The work of organizations like the South Central Pennsylvania Sickle Cell Council, which Dr. Poles helped co-found in the 1990s, has taken on greater importance during the current pandemic.
Because sickle cell patients are at higher risk of developing severe complications from COVID-19, many are staying home and forgoing in-person treatment, according to media reports
When people have sickle cell disease, their red blood cells bend into a sickle shape. This causes the red blood cells to pile up inside blood vessels and prevents the normal delivery of oxygen throughout the body.
It can lead to pain, bone deterioration, strokes, and organ failure, but regular medical care can help keep the disease at bay. Unfortunately, sickle cell disease also makes it difficult to fight off infections, which leaves patients particularly vulnerable to COVID-19.
Enter the South Central Pennsylvania Sickle Cell Council, which provides a host of support services for sickle cell patients in 26 Pennsylvania counties. These services include providing transportation to doctors’ appointments, support groups, patient education, and helping patients adhere to their prescribed medication and treatment plans.
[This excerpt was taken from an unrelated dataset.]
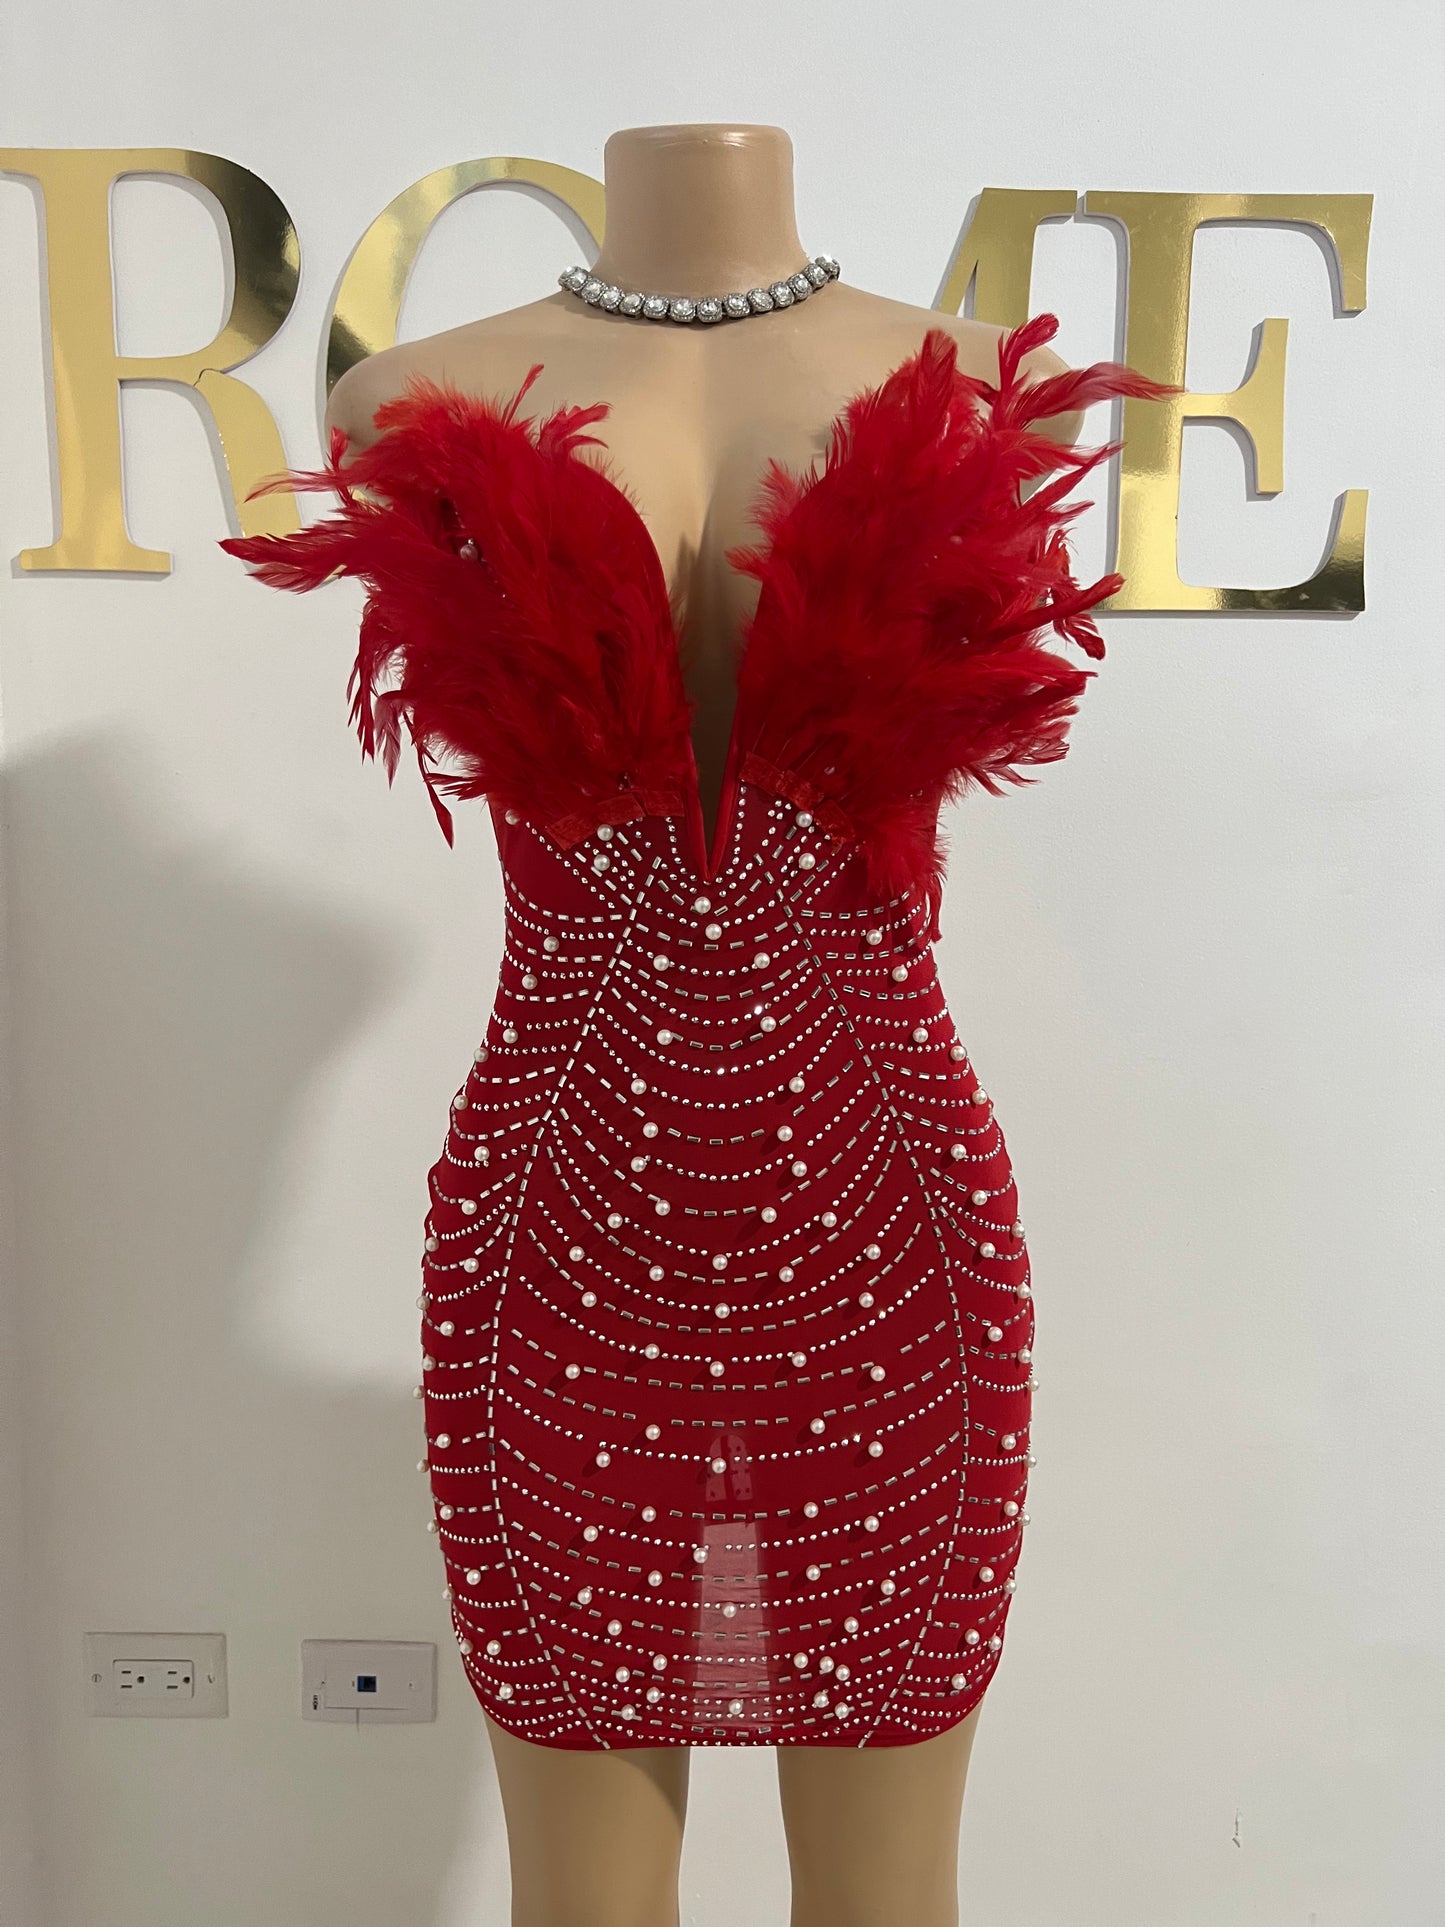 Elle Feather Crystal Dress (Red)

While acknowledging the challenge COVID-19 has presented, Dr. Poles said the Council and its partnership with Penn State Health has helped keep many local sickle cell patients connected to their physicians through telemedicine.
Historically, research and resources for sickle cell disease has been chronically underfunded, but Dr. Poles said new treatments in recent years give her reason for optimism.
“The unfortunate underlying truth is because it predominantly affects people of color, particularly African-Americans, getting attention, research, and resources has been a very challenging issue,” Dr. Poles said. “When I was growing up, there wasn’t much knowledge about the disease – even the medical community.
“When I was growing up, there were literally no treatments other than controlling the pain and monitoring for organ damage. Luckily, there are a number of options today.”
Two potentially transformative drugs for sickle cell were approved in late 2019 by the FDA. There is also hope that gene therapies, which are currently going through clinical trials, may present another breakthrough in the coming years.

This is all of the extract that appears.